Model Configuration Design - amosproj/amos2025ss04-ai-driven-testing GitHub Wiki
Model Configuration Design
This document describes how Large Language Models (LLMs) are defined, configured, and managed within the backend system, primarily focusing on the allowed_models.json file and the logic that loads and uses it (potentially in model_manager.py or integrated within main.py/api.py).
1. allowed_models.json
-
Purpose: This file serves as a simple, external configuration for specifying which LLM identifiers are recognized and permitted for use by the backend. It acts as an allow-list.
-
Location:
backend/allowed_models.json -
Format: A JSON array of strings. Each string is a unique identifier for an LLM.
Example
allowed_models.json:[ "gpt-3.5-turbo", "gpt-4", "gpt-4-turbo", "claude-3-opus-20240229", "claude-3-sonnet-20240229", "openhermes-2.5-mistral-7b", "mistral-7b-instruct", "ollama-custom-model-id" ] -
Management:
- To add support for a new model (assuming the LLM Manager can handle its provider), simply add its identifier string to this JSON array.

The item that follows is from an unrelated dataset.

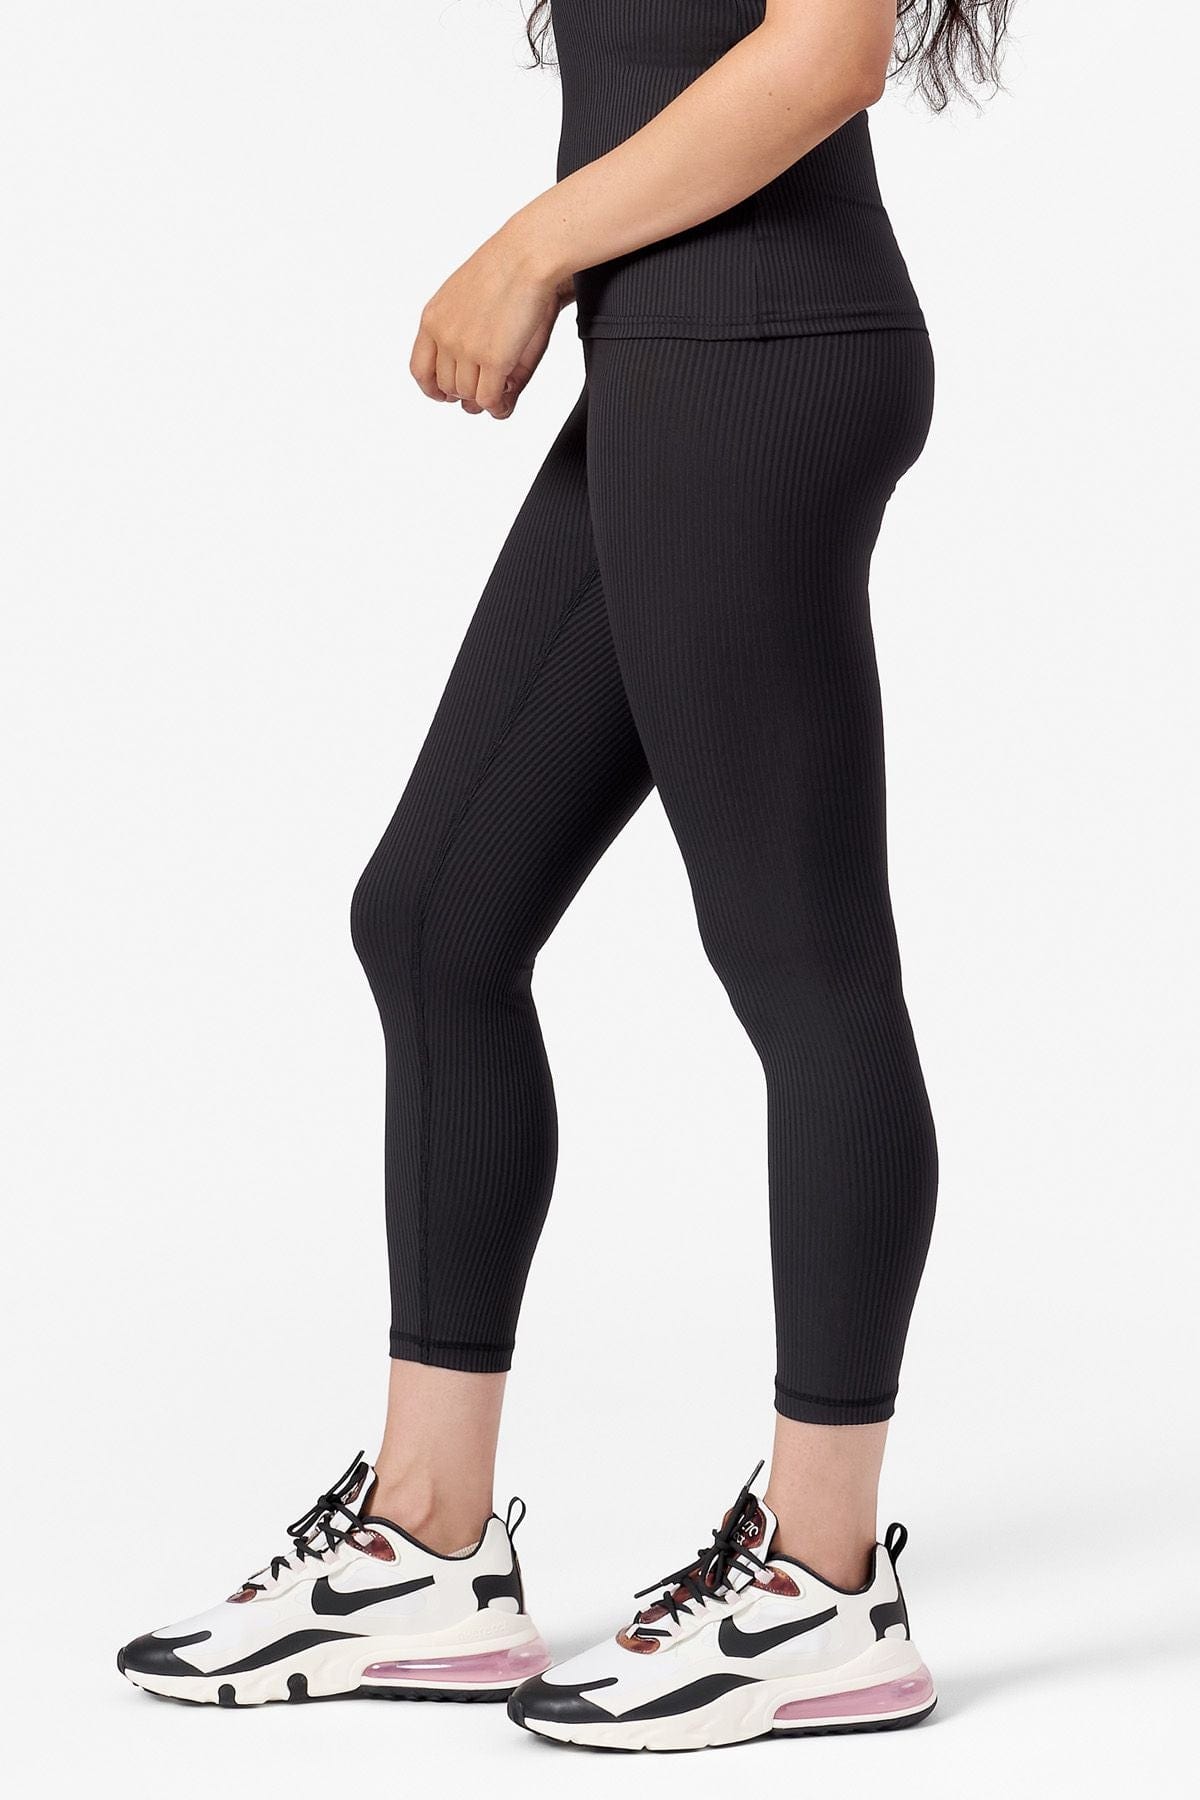 side view of a woman wearing black ribbed leggings in a mid length
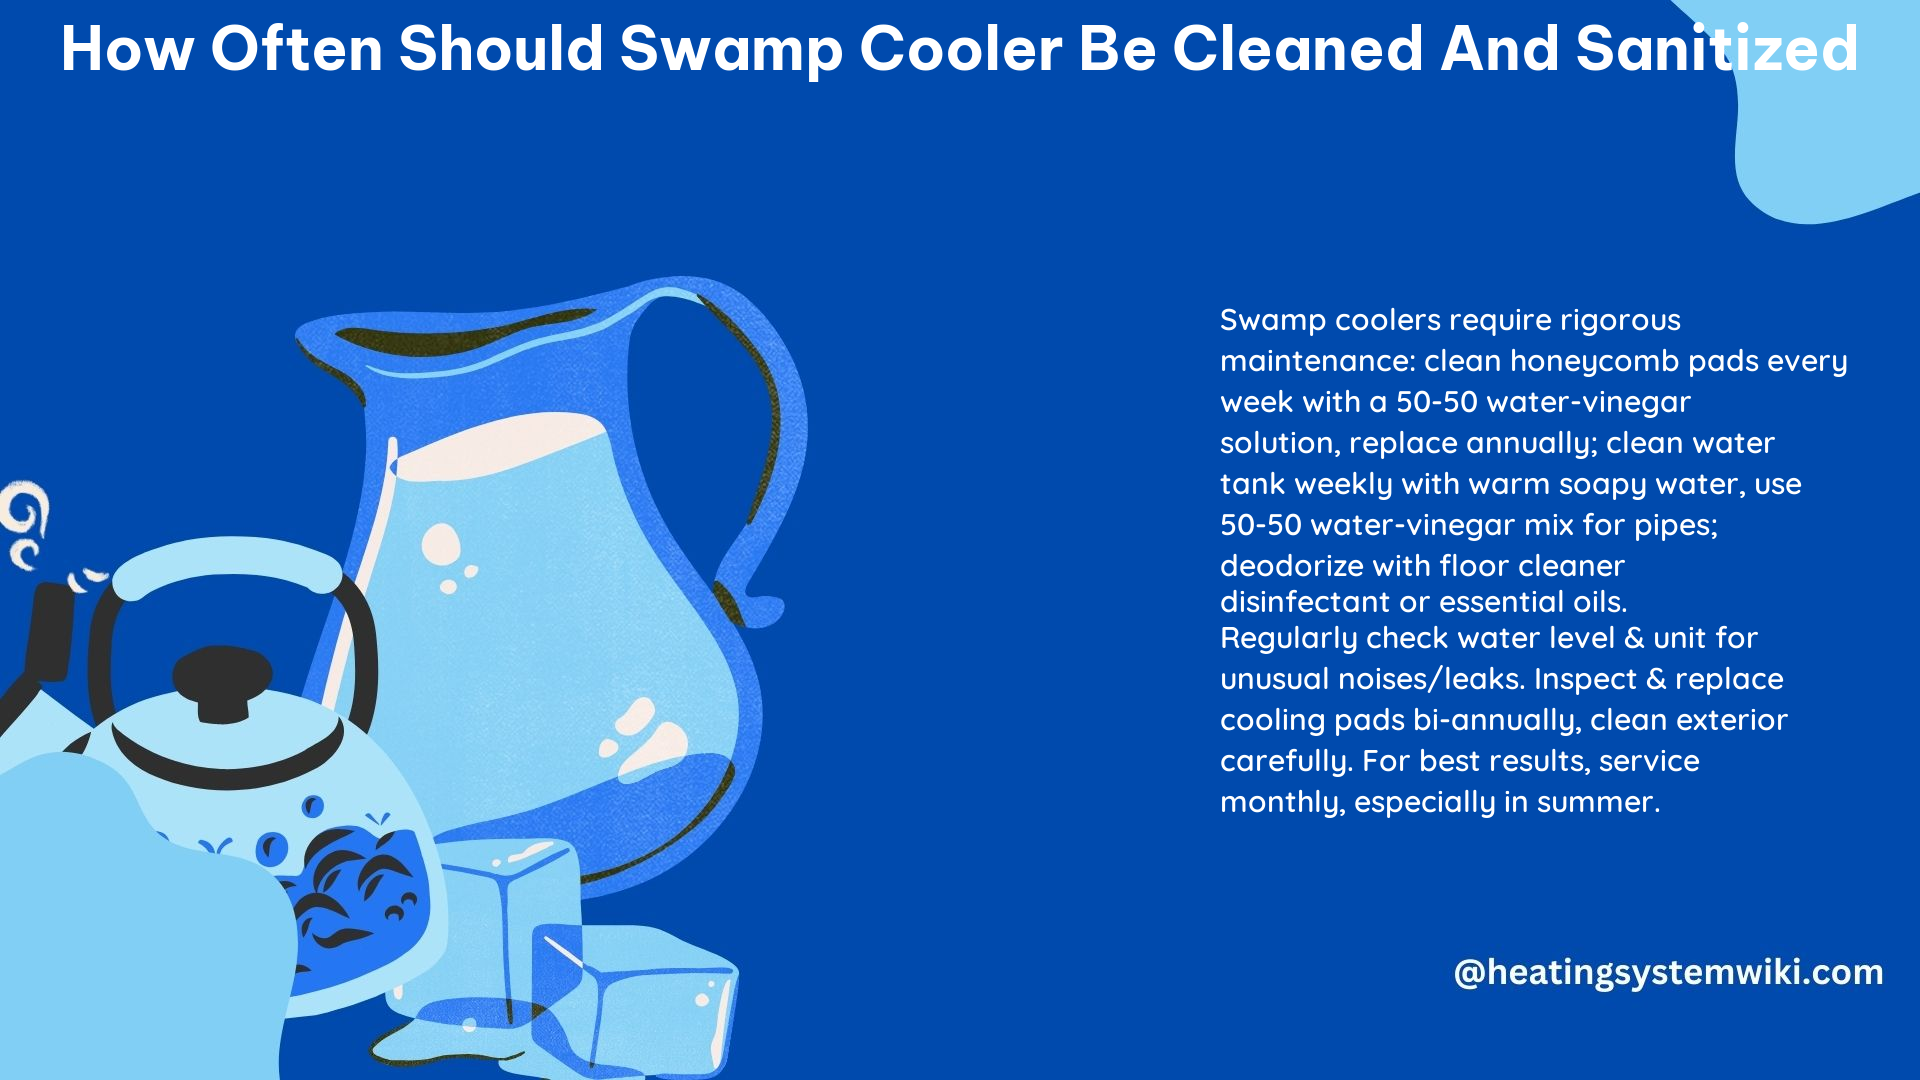 How Often Should Swamp Cooler Be Cleaned and Sanitized

- To disallow a previously supported model, remove its identifier from the array.
- The application needs to be restarted (if it loads this file at startup) for changes to take effect.
2. Model Loading and Usage
-
Loading Logic (in
model_manager.pyormain.py/api.py):- At application startup, the backend reads
allowed_models.json. - The list of model identifiers is loaded into a Python list or set in memory (e.g., a global variable like
ALLOWED_MODELS).
- At application startup, the backend reads
-
Request Validation:
- When a request is made to the
/generate-testendpoint, themodel_nameprovided in the request payload is validated against this in-memory list ofALLOWED_MODELS. - If the requested
model_nameis not found inALLOWED_MODELS, the API returns an error (e.g.,HTTPException(400, detail="Model not allowed or not found.")).
- When a request is made to the
-
Client-Side Information:
- The
GET /modelsAPI endpoint exposes this list ofALLOWED_MODELSto clients. This allows user interfaces or other client applications to dynamically populate model selection dropdowns or inform users about supported models.
- The
3. Relationship with LLM Manager
- While
allowed_models.jsonlists which models can be requested, the LLM Manager is responsible for how to instantiate a client for a model if it's deemed allowed. - The
LLM Manageruses themodel_name(which has already been validated againstallowed_models.json) to infer the provider and configure the appropriate SDK client.
4. Benefits of this Approach
- Configuration over Code: Model support can be updated by editing a JSON file without changing Python code (for models whose providers are already supported by
llm_manager.py). - Clarity: Provides a clear, single source of truth for which models are intended to be used.
- Security (Basic): Prevents arbitrary model names from being passed to the LLM client instantiation logic, offering a basic level of control.